Жан вновь улыбнулся.
– Вы мне льстите, месье, – сказал он.
Выходя из комнаты, граф де Граверо, хоть
убей, не мог решить, то ли Жан Поль одумался, то ли он сам; граф, оказался мишенью тончайшей насмешки. Но эту мысль он отбросил, как отбрасывал все беспокойные мысли. Такова была привычка его сословия. Привычка, которая приведет в один прекрасный день к роковым последствиям…
Перед началом суда над Жаном граф на полчаса заперся с королевским судьей. То, что он сообщил судье, дало свой результат – Жан Поль избежал предварительного расследования, которое включало испытание железом или огнем, прободение языка или щеки, битье кнутом до крови и некоторые другие “приятные” процедуры, все еще предусматриваемые уголовным законом Франции в 1784 году и обычно применявшиеся в подобных случаях.
Хорошо зная законы, Жан Поль понимал, сколь многим обязан графу де Граверо. Он пытался убедить себя, что предпочел бы вынести любые пытки, лишь бы не оказаться в долгу у Жерве ле Муата за счет и Терезы, и Николь. Но его краткий опыт, когда он подвергся пытке в руках специалистов, открыл ему границы того, что он может вынести, и он был искренне рад, что избежал страданий.
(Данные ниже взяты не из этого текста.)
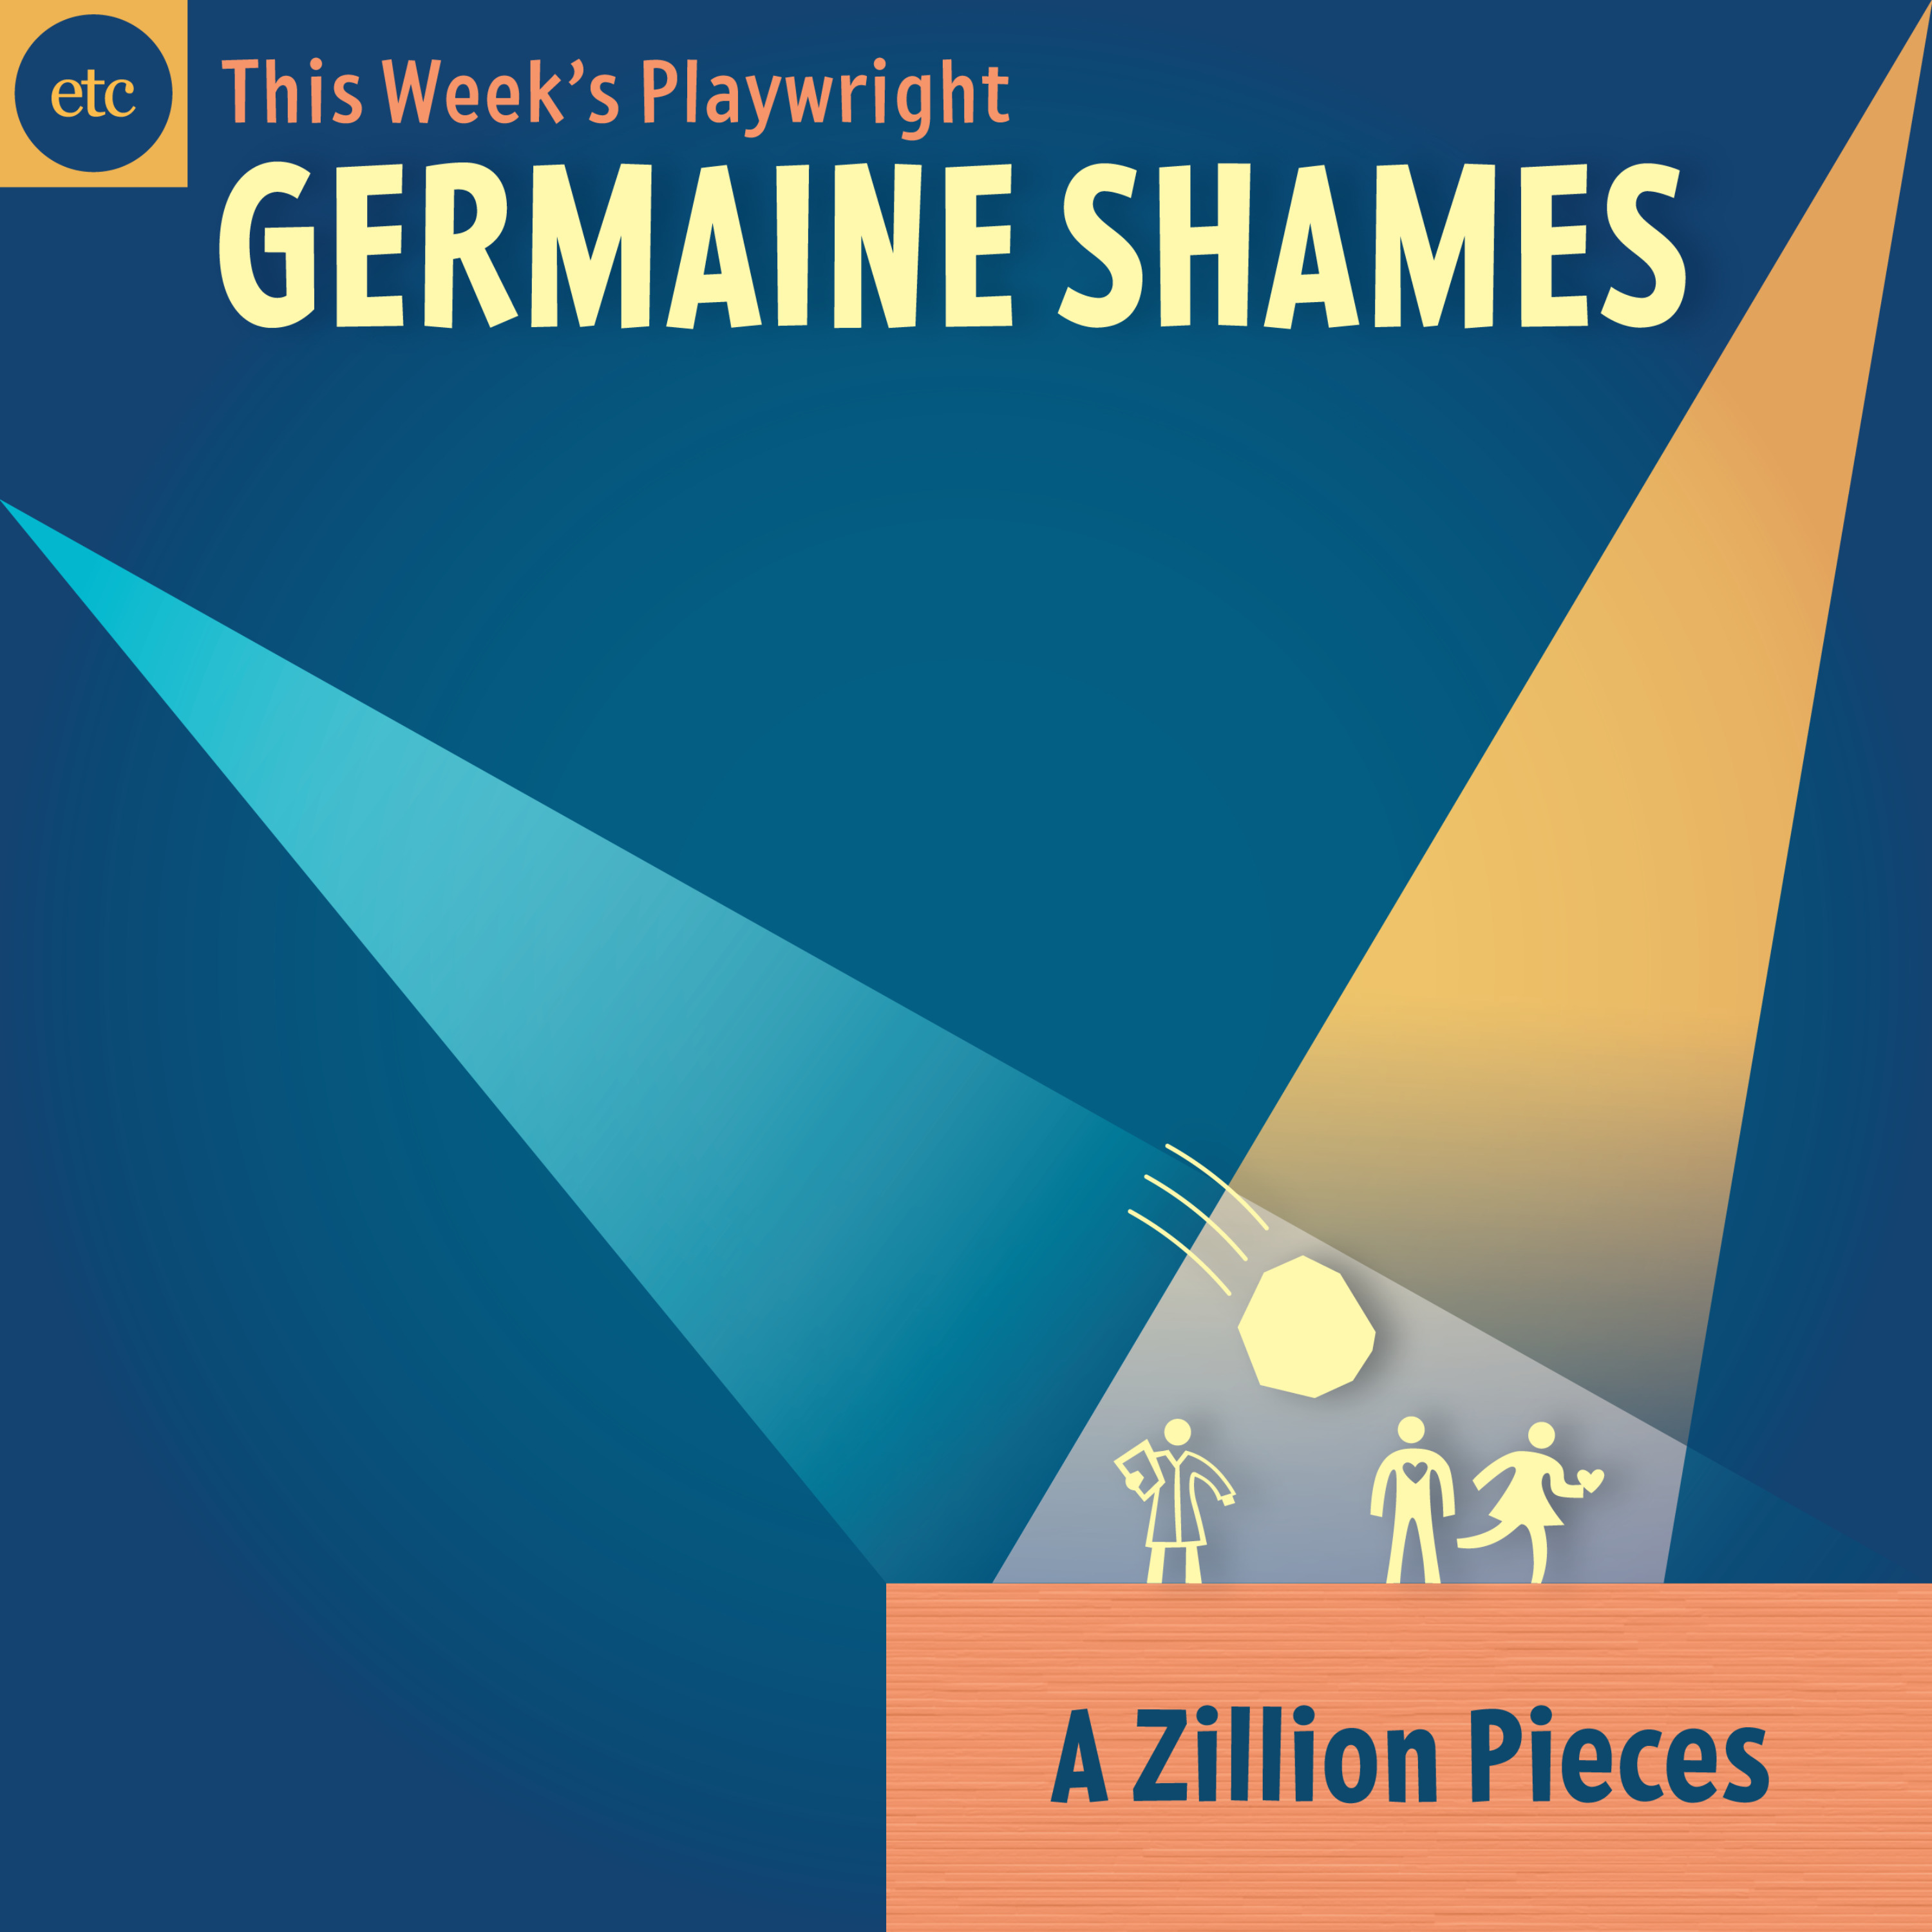 A ZILLION PIECES by Germaine Shames

Спустя полчаса он был приговорен к пяти годам на галерах. Не будь Жан Поль юристом, он впал бы в полное отчаяние, ибо мало кому удавалось выжить и год, сидя за веслами на галере под бичами надсмотрщиков. Но Жан знал, что хотя этот закон и оставался на бумаге, но галеры уже не существовали, худшее, что могло его ожидать – каторга для преступников, хотя и была столь же близка к аду, особенно в той ее части, которая зависела от надсмотрщиков, но все же была в тысячу раз лучше галер, которые она заменила. На каторге люди довольно часто отбывали свой срок и оставались живы, на галерах – никогда.
Жан Поля под стражей доставили в лагерь для арестантов в нескольких лье от деревни и швырнули за изгородь.
Месье Жерад, комендант лагеря, глянул на него и простонал:
– О, Боже, неужели еще один!
– Боюсь, что да, господин комендант, – насмешливо отозвался Жан.
Месье Жерад уставился на него.
– И говорит по-французски, – удивился он, – а не бормочет, как все крестьяне! Как твое имя?
– Жан Поль Марен, – отвечал Жан, – бывший адвокат в Сен-Жюле и Ближних Альпах, инспектор складов фирмы “Марен и сыновья”, а теперь – обычный преступник.
Жерад довольно долго и внимательно разглядывал его. Потом запрокинул голову и расхохотался.
– Будь я проклят! – произнес он сквозь смех. – Ты мне нравишься! А что случилось с твоим лицом?
– Комплимент от слуг ето благородия Жерве ла Муата, графа де Граверо, – ответил Жан.
– Вот подонок! – сплюнул комендант и обратился к стражам, доставившим Жана. – В чем обвиняют этого человека?
– Проникновение в частное владение и нанесение телесных повреждений, – хором ответили они.
Жерад записал что-то в журнале, лежавшем перед ним.
– Ладно, – проворчал он, – отправляйтесь. Теперь он под моим началом…
Он оглянулся вокруг, пока не заметил какого-то грязного оборванца.
– Эй, ты! – заорал он. – Принеси полено! Оборванец принес полено и поставил его
перед комендантом.
– Садитесь, месье адвокат, – сказал Жерад.
Жан сел, с откровенным любопытством разглядывая этого странного чиновника. Ренуар Жерад был высоким, худым мужчиной с тонким добрым лицом. Жан подумал, что на всем белом свете нет другого человека, который бы так не подходил для этой должности.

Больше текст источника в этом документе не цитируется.